Do you have a reference to Newt's actual remarks? I'd be interested in exactly what provoked KO (though being slightly right of Alec Baldwin is probably sufficient).
on Dec 06, 2006
These are your stereotypical characterizations, not necessarily the way things actually are.

not from what i have experienced. "from my cold dead hand" has been the mantra of the NRA for well over a decade. and read anything on the far right's stance on immigration and show me where thereis any room for compromise with those who see it differently.

as far as references go, just google "newt gingrich on free speech" and you will have a host of links and a variety of perspectives, i'm sure. .. the comments are not obscure.
on Dec 06, 2006
Sorry, but "From my cold dead hand" does not equate to your characterization at all. And favoring enforcement of our immigration laws is not a "narrow" view.

And I gather KO's rant was not in response to any specific statement by NG.
on Dec 12, 2006
this "it doesn't exist unless you spoon feed it to me" posture is a lil lame there ...but ok,,,here's your spoon fed quotes since ya can't even be bbothered to google it...



"This is a serious long-term war, and it will inevitably lead us to want to know what is said in every suspect place in the country, that will lead us to learn how to close down every web site that is dangerous, and it will lead us to a very severe approach to people who advocate the killing of Americans and advocate the use of nuclear or biological weapons.

"And, my prediction to you is that either before we lose a city, or, if we are truly stupid, after we lose a city, we will adopt rules of engagement that use every technology we can find to break up their capacity to use the Internet, to break up their capacity to use free speech, and to go after people who want to kill us to stop them from recruiting people before they get to reach out and convince young people to destroy their lives while destroying us."This is a serious problem that will lead to a serious debate about the First Amendment, but I think that the national security threat of losing an American city to a nuclear weapon, or losing several million Americans to a biological attack is so real that we need to proactively, now, develop the appropriate rules of engagement.

"And, I further think that we should propose a Geneva convention for fighting terrorism which makes very clear that those who would fight outside the rules of law, those who would use weapons of mass destruction, and those who would target civilians, are, in fact, subject to a totally different set of rules that allow us to protect civilization by defeating barbarism before it gains so much strength that it is truly horrendous."This is a sober topic, but I think it is a topic we need a national dialogue about, and we need to get ahead of the curve rather than wait until actually we literary lose a city which could literally happen within the next decade if we are unfortunate."
on Dec 12, 2006
You have no clue what I can or cannot be "bothered" to do, Sean.

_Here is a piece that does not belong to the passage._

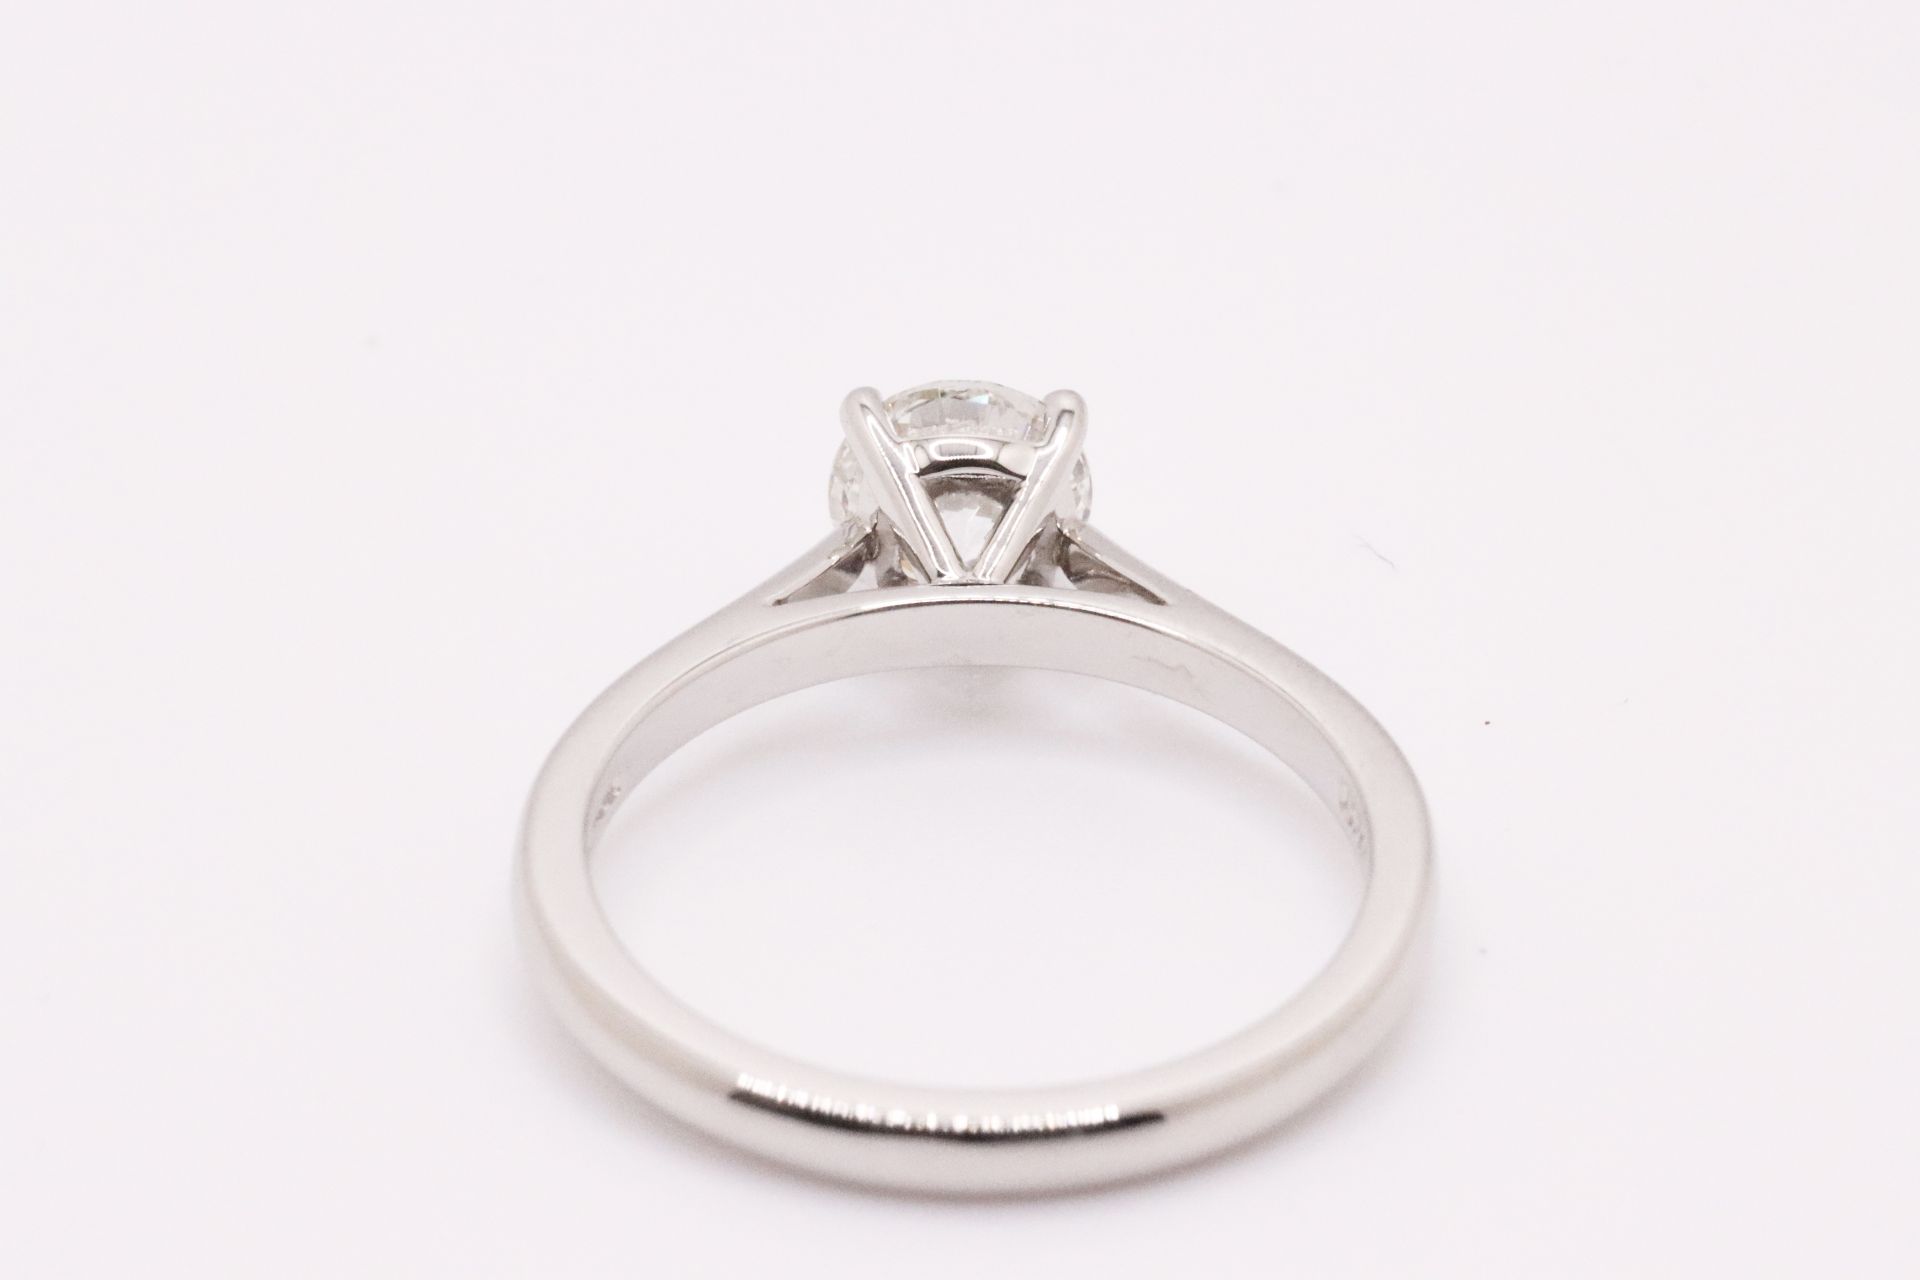 Round Brilliant Cut Natural Diamond Platinum Ring 1.20 Carat D Colour VS2 Clarity ID EX EX - GIA - Image 4 of 6

Your arrogant condescension is not flattering to you.

Your snide remarks aside, I disagree with Newt's assertion that we need to "break up their capacity to use free speech" because that inevitably entails the ability to break up anyone's use of free speech, but I agree that proactive development of "rules of engagement" is needed as we try to cope with the terrorist threat that exists and that will likely grow in potential lethality over time. We have no choice but to come to grips with it, and it will likely entail some unpleasant sacrifices.
on Dec 13, 2006
You have no clue what I can or cannot be "bothered" to do, Sean. Your arrogant condescension is not flattering to you


whatever...proof was in the pudding, despite your protest.

can you see now that KO's "rant" was based on specific statements? care to take your smug lil statement back at least?